RECORDED INFORMATION
--------------------------------
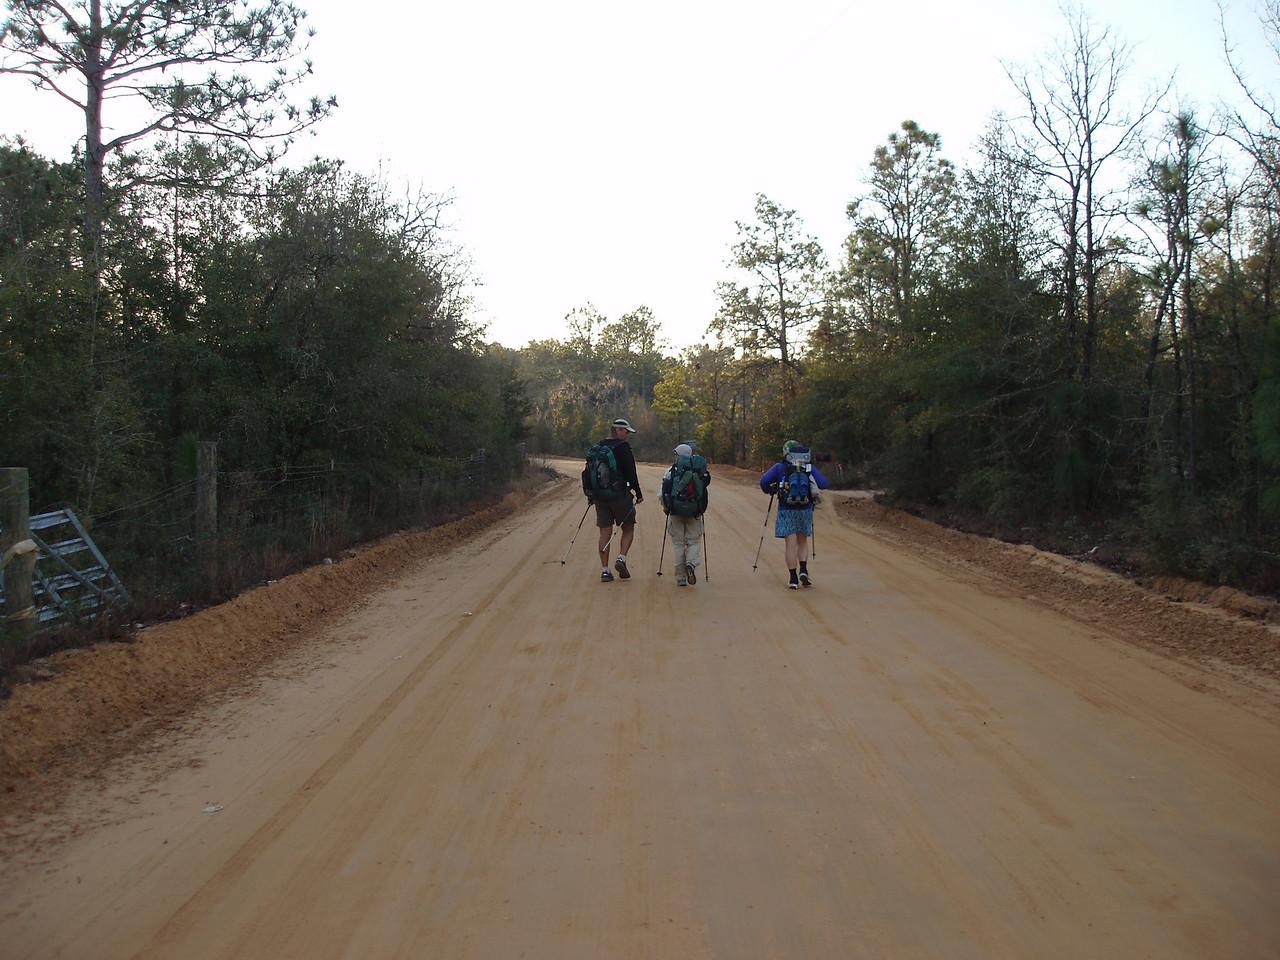 Hiking back roads in Washington County<br /> PHOTO CREDIT: Robert Coveney / Florida Trail Association
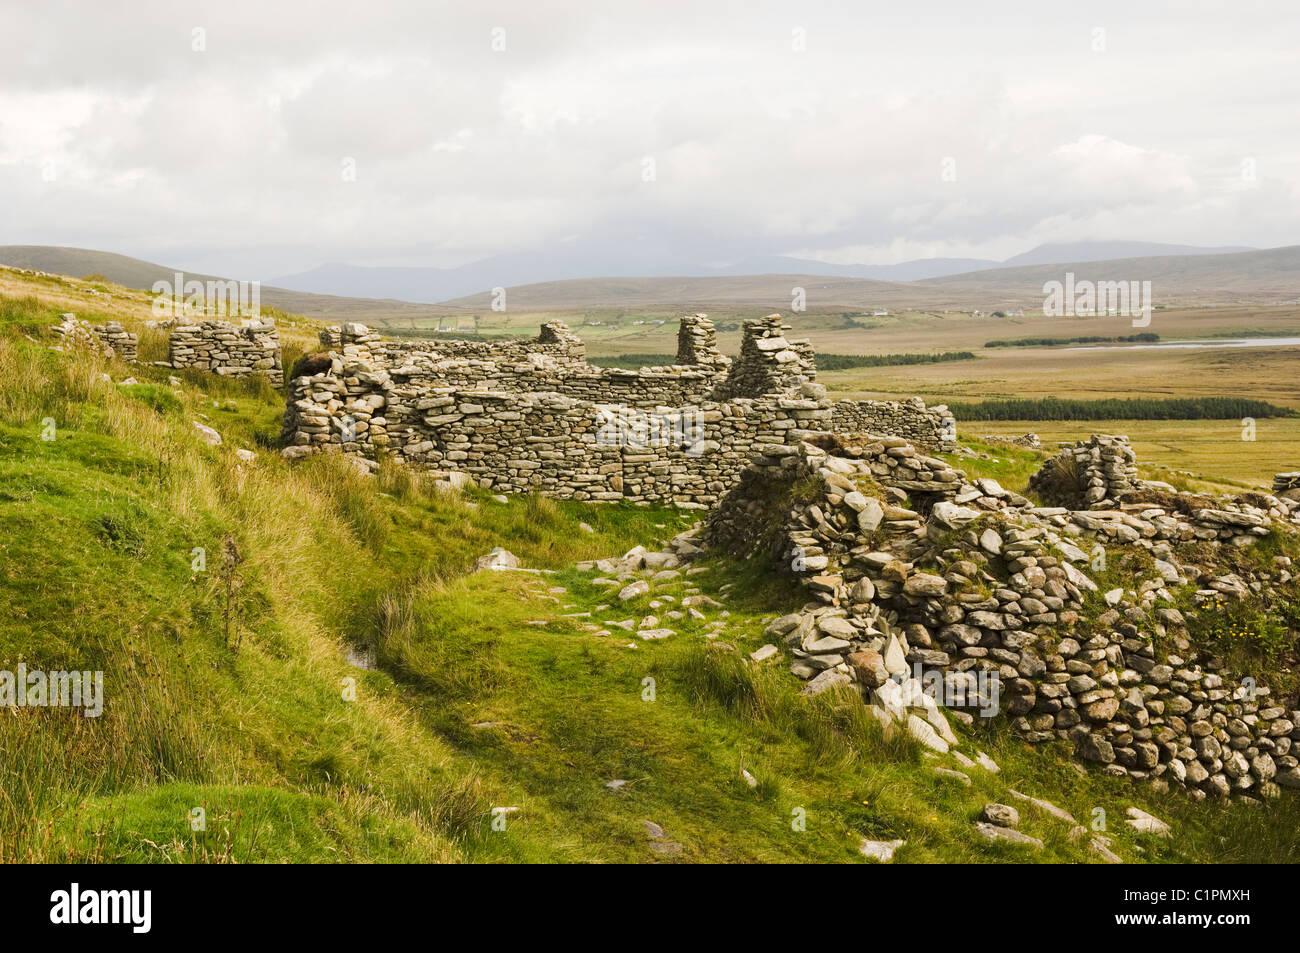 Republic of Ireland, County Mayo, Achill Island, Slievemore, old ruins - Stock Image
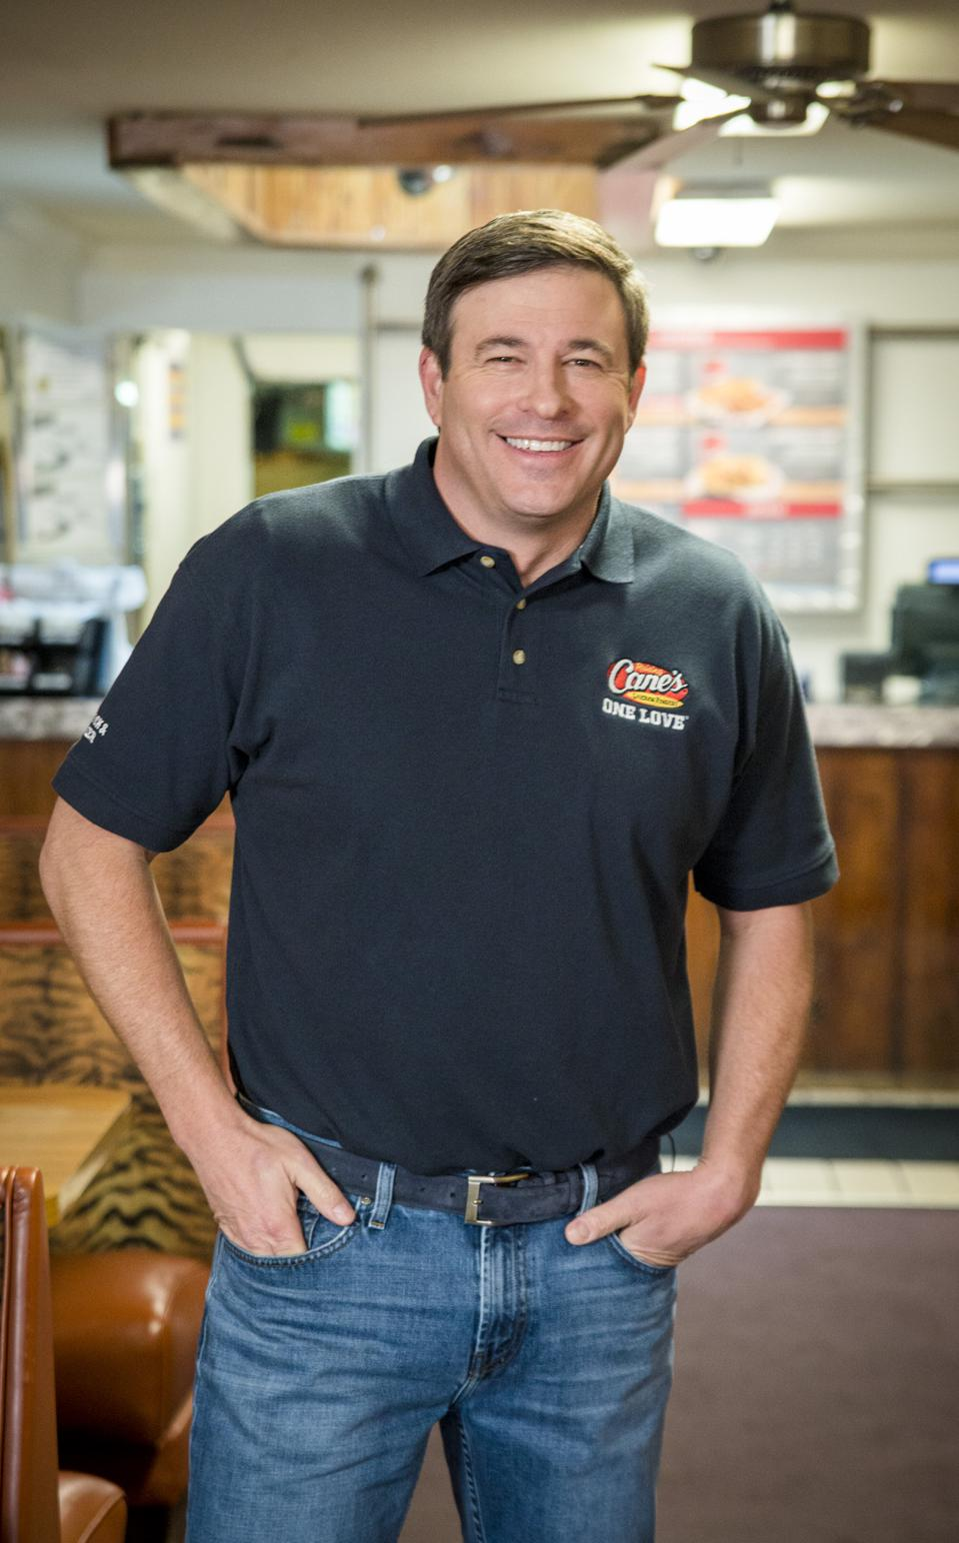 Raising Cane's founder/co-CEO Todd Graves
--------------------------------
EXERCISE PROMPT
Write out everything in the data word for word. Omit each picture.

RESPONSE BOX
 Hiking back roads in Washington County<br /> PHOTO CREDIT: Robert Coveney / Florida Trail Association
 Republic of Ireland, County Mayo, Achill Island, Slievemore, old ruins - Stock Image
 Raising Cane's founder/co-CEO Todd Graves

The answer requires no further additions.